Мина завернула рукав белой полотняной рубашки и показала едва заметный подковообразный шрам. Олимпия осторожно погладила тонкий, словно изогнутая ниточка, след и сказала:

- Знаешь... а у меня не было дорогих игрушек.

Не зная, что ответить, Мина вышла за льдом, чтобы остудить согревшийся за время рассказа лимонад, а когда вернулась, на ее месте на диване сидел доктор и что-то Липе нашептывал. На самом деле секретничали они о собаке, поскольку Мина была против, чтобы ее приручать, понимая, что Олимпия с собой щенка не заберет, а им, привыкнув, будет трудно его оставить. Липа понимала это не хуже нее, но все равно поступала по-своему, и вообще временами вела себя слишком шумно, сумасбродно. Доктор даже намекнул на "серьезный неврозик", но Марк отшутился, сказав, что она просто не знает, кого из них двоих предпочесть.

Теперь она шла между двумя мужчинами, взяв их под руки и слегка повиснув, молчаливая, с трудом передвигая ноги, что было особенно заметно Мине с Марком, которые потихоньку отставали.
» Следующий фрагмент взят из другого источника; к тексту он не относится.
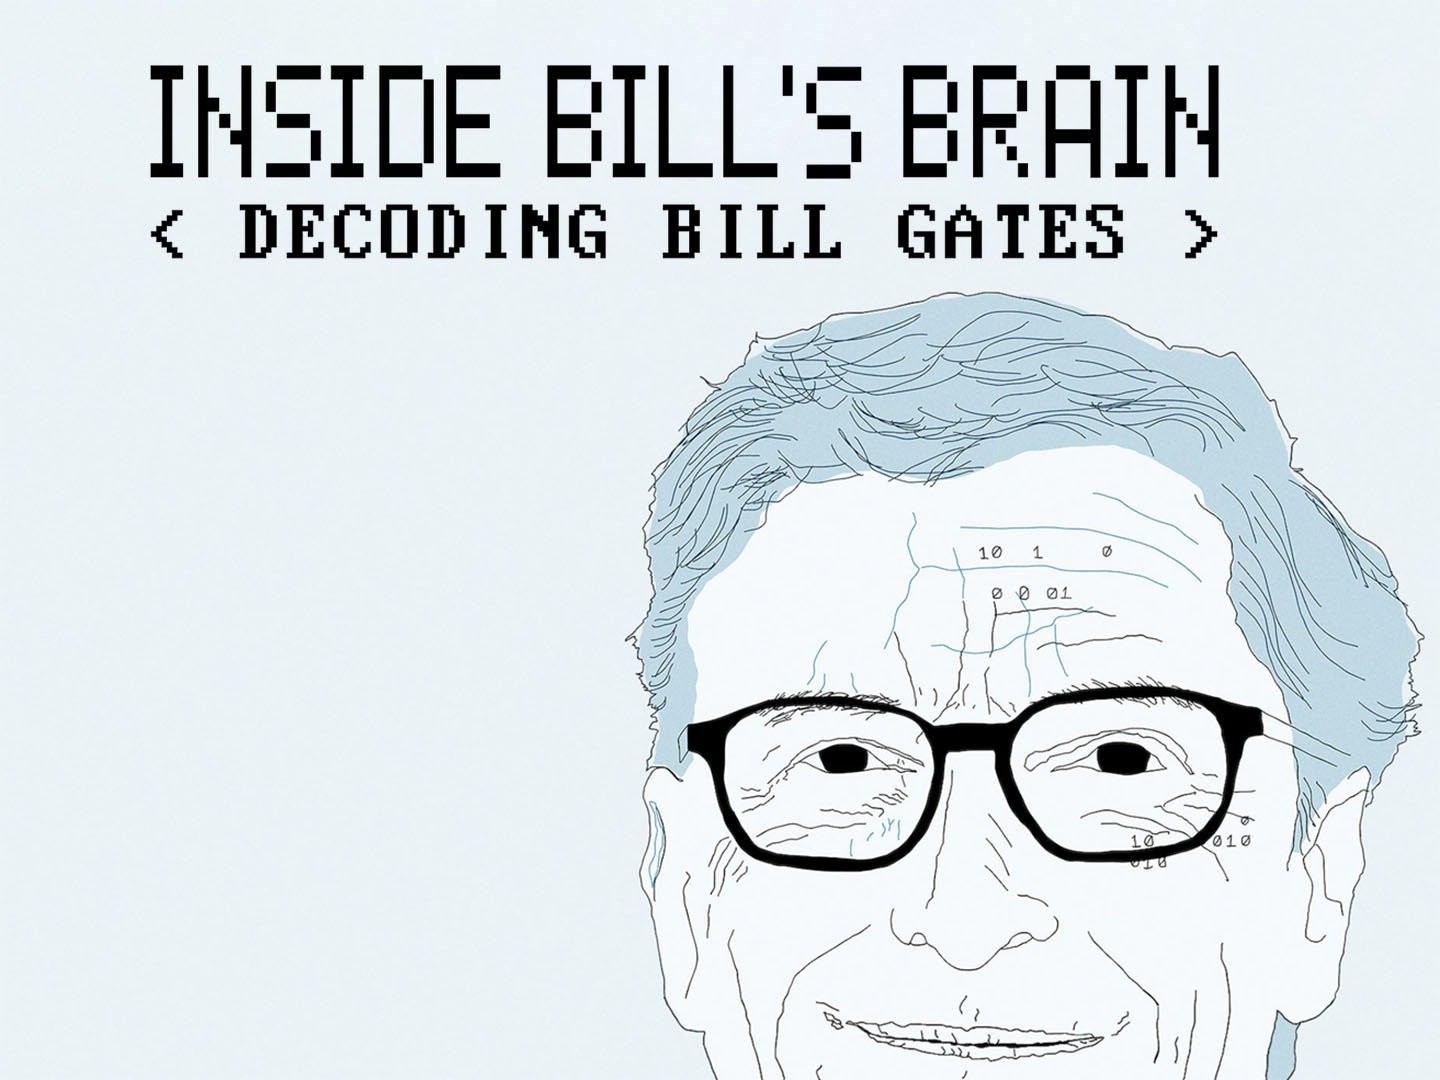 Inside Bill's Brain: Decoding Bill Gates - Rotten Tomatoes

Они не торопились догонять компанию, Марк, чего давно уже не делал, держал Мину тесно за талию, и она наконец решилась спросить его, когда заметила темную толпу людей, двигавшихся навстречу, в сторону отвесных скал. Поравнявшись с ними, она рассмотрела лица лучше и дернула мужа: шесть или семь похожих, как родственники, с очень смуглой кожей мужчин, негромко переговариваясь, прошли мимо, один из них, в середине, нес, прижав к груди, ослепительно белого ребенка. Мина крепче сжала ладонь Марка, так, что самой стало больно от обручального кольца, а один из мужчин ответил ярко-синим, пронзительным, как удар ножа, взглядом.

- Они украли его, - прошептала Мина через минуту, когда перед ними снова замаячили спины друзей. - Невозможно, чтобы у них родился ТАКОЙ ребенок. И, ты заметил, одни мужчины, ночью. Скорей всего они его продадут, надо узнать у доктора.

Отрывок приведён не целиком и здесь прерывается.